To many environmentalists, sustainability means leaving the world the way you found it. I think that this may reflect the instincts of a hunter-gatherer.
If you are a hunter-gatherer, how much you can eat is limited by the natural rate of replenishment. If you eat game or plants faster than they are replenished, your tribe will die.
Modern human welfare is not governed by replenishment. We use knowledge to add value to our environment. Cultivation of crops means that we can grow more food than we could obtain by gathering. And we apply ever-increasing ingenuity to this cultivation.
Sustainability of modern life is thus much more complex than sustainability of hunter-gathering. Our modern ancestors have left us the gifts of their ingenuity, so that what they took out of nature has not hurt our welfare. And we are likely to do the same for our descendants.
Sustainability is a great topic to delve into, and it is just as poorly understood by the general public as supply and demand. There’s room in today’s world for a sort of Carl Sagan of economics, and I would nominate those two topics as ones worth emphasizing.
On sustainability, one angle I find helpful is to focus on is how wasteful a lot of “reusable” systems are if you look at the total amount of resources involved. A stark example is the U.S. space shuttle. A major design requirement of the space shuttle was that it would be reusable. However, despite that, the shuttle uses an order of magnitude more resources per launch than does the Russian Soyez.
The answer to the puzzle is that only the external shell of the shuttle is reusable. You get much better overall resource usage–and thus a more *sustainable* space program–if you let that shell be disposable. Calls for sustainability make this error all over the place.
A major design requirement of the shuttle was that it have a large cargo bay to deliver boxcar-sized KH-series spy satellites to orbit.
A major design requirement of the shuttle was that it have a 1200 mile cross range capability so it could deliver top secret Air Force payloads (think stolen Soviet satellites) to US Air Force bases.
A major design requirement of the shuttle was that its design cost had to be cut to 3.3 billion dollars, even though this would boost operational costs considerably, so the Nixon administration could claim a surplus with the 1972 federal budget.
Don’t you think you should have mentioned these?
It’s a nice thought, that sounds reasonable but I would file this one under highly highly speculative.

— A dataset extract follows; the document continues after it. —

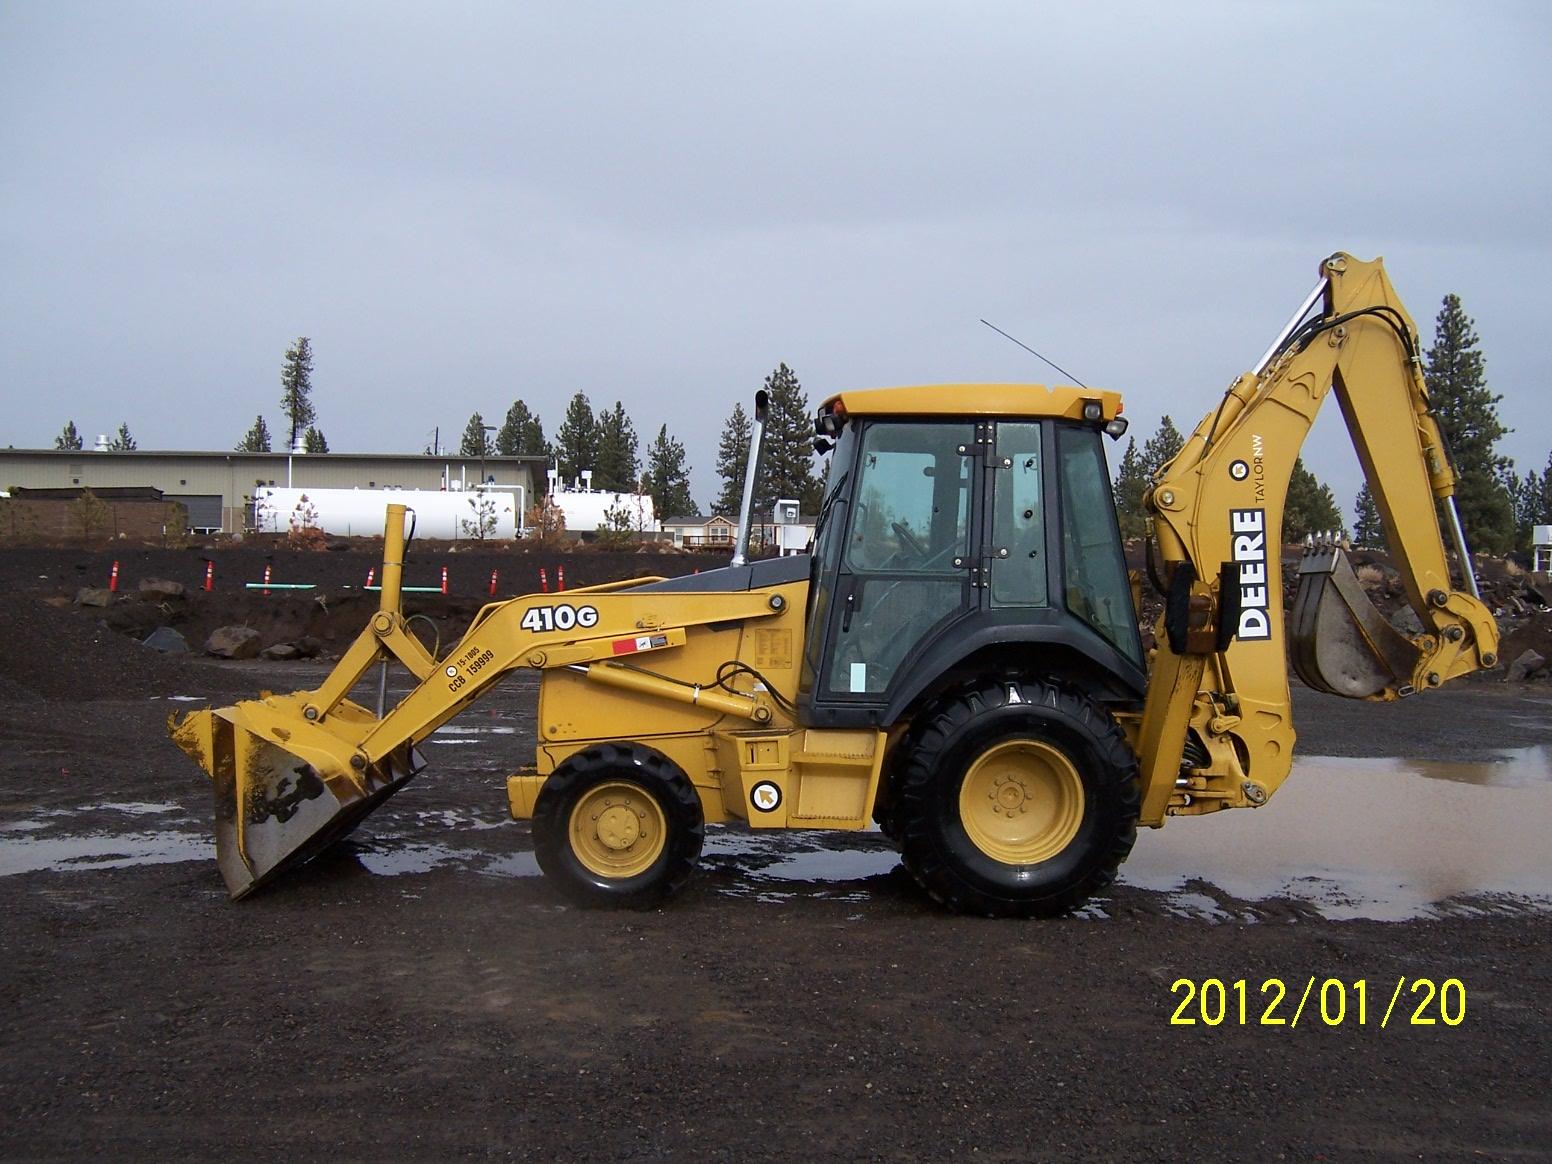 Sitzman Equipment Sales LLC - 2003 John Deere 410G Backhoe

I know you are skeptical of climate models, etc. But in regard to these lines:
“Our modern ancestors have left us the gifts of their ingenuity, so that what they took out of nature has not hurt our welfare. And we are likely to do the same for our descendants.”
Let’s just hope that all the fossil fuel we’ve pulled out of nature and burned does not create too much damage… or that we figure out ways to mitigate it.
I can see 3 main sources of damage. 1 is the release of stuff like mercury. 2. Is the depletion of the resource. 3. Is the global warming.
So far 2 and 3 have basically caused no damage whatsoever. In fact they offset somewhat. If we never run out then 1 I see as more important than 3.
I’ve had more or less the same thought. I’ve had the suspicion that this affects people in other ways, as well. The human brain, having been wired for living in small tribes of closely related individuals, might find modern society pretty weird, what with its large cities full of millions of strangers and its emphasis on trade and private enterprise as opposed to communal activities and sharing. I wonder if people aren’t alienated by this and find it psychologically comforting to tell themselves that it can’t last and it’ll all fall apart someday soon. Thus, on the left you get Marx’s contradictions of capitalism and apocalyptic rhetoric from environmentalists about resource depletion and climate change. On the right, it’s breakdowns in social order due to irrelogiosity, gay marriage, etc.